“Here lie I at the chancel door,
Here lie I, because I’m poor.
The further in, the more you pay;
Here lie I, as warm as they.”
Word for word this is the same as the epitaph upon one “Bone Phillip,” at Kingsbridge, South Devon.
Many curious details survive the restoration of 1850 and the fire of 1901 that destroyed the roof and narrowly missed wrecking the entire church. Among them is the “Guard Chamber,” over the porch; the “Pope’s Chamber,” as it is here styled. In the stone stairs to it is a hollow space, perhaps made for the purpose of holding holy water, wherewith to exorcise demons. The parish stocks, retired from active service in the cause of law and order, are kept in this room, which, with its fireplace, is, or might easily be made, comfortable enough. Remains of the old wooden pulpit, inscribed “God Save Kinge James Fines,” have puzzled many. The wood-carver probably meant “Finis”; but that does not help us much to understand his further meaning; and we must leave it at that.
The “Account Book of Church Expenses,” from 1597 to 1706, still surviving, affords many an interesting glimpse into old days at Hartland; proving, among other things, how lonely was the situation and wild the life here. The church appears to have been fully armed against aggression, whether by sea or land; for we read how the churchwardens paid for “three bullett bagges for the churche musquettes”; and “Paid for lace to fasten the lyninge of the morians belonging to the churche corselettes, and for priming irons for the churche musquettes, iid.” Furthermore: “Paid for a hilt and handle and a scabert for a sworde, and for mendinge a dagger of the churche, iis.”
Roger Syncocke is down for one penny, “for mending a churche pike.” Altogether, this seems a cheap lot for these bloody-minded Hartlanders; but a further entry of six pounds ten shillings, “for arms,” seems to indicate that they were really dangerous people, best left alone. And that appears to have been the general healthy impression; for we do not read anywhere of battle, murder, and sudden death in these purlieus. “If you would have peace prepare for war,” was doubtless the axiom acted upon here; and the truth of it was duly proven.
HARTLAND QUAY.
Hartland Quay, half a mile down the road, is an example of the overweening confidence of man in his ability to battle successfully with the forces of nature. You see, as you come down the road over the down, a tumultuous ocean, no longer the Bristol Channel, sometimes dun-coloured with the outpourings of the Severn, and not, except under extreme provocation, to be stirred to great waves, but the Atlantic Ocean itself, dark blue with great crested waves rolling inshore, whether it be calm weather or boisterous. Only, in the last case, the always majestic sight becomes not a little terrifying here.
Where the down curves to the sea and the road dips steeply, in a hairpin corner, a rugged point, all bristling with black, jagged rocks, runs out, and in between them is a little flat space—the Quay. On one side is an isolated conical hill, capped with a flagstaff, and on the other a formidable reef, black as ink, with the rock-strata tipped perpendicularly in some convulsion that attended the world’s birth.
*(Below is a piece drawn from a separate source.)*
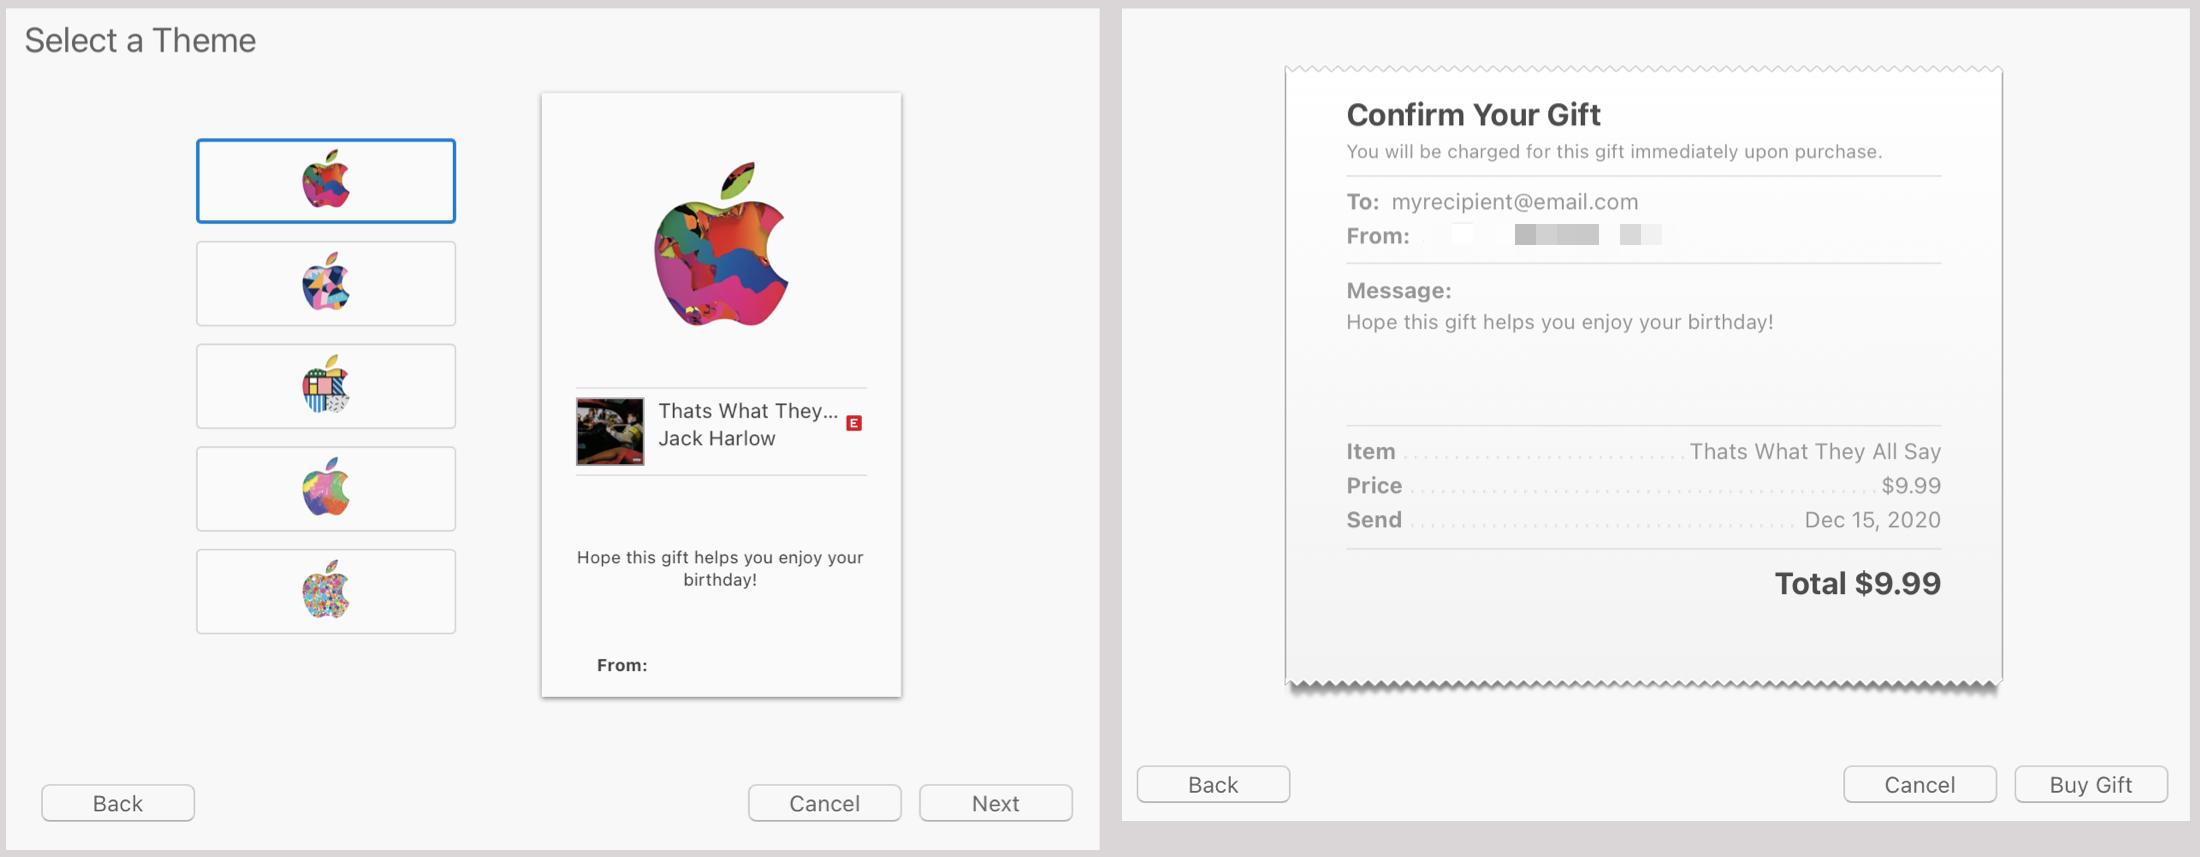 Buy Gift in iTunes on Mac

Between these extremes lies the opening for the entrance of small craft, and a sorry haven it must be for any distressed mariner in severe weather. The place is lonely, save for the “Hartland Quay Hotel” and a few coastguard cottages; and the stone pier built out to sea, by which it was proposed to make Hartland Quay in some small way a harbour, has been battered utterly out of existence by the waves. Watching the enormous walls of water, curving and advancing with an imperious unhasting grandeur, you do not wonder that anything less solid than the living rock should go down before them.
The breaking rollers fill the scene with briny particles that hang in air like frost and taste salt on the lips, and the wind blows strong and invigorating from its journey of thousands of miles across the open sea.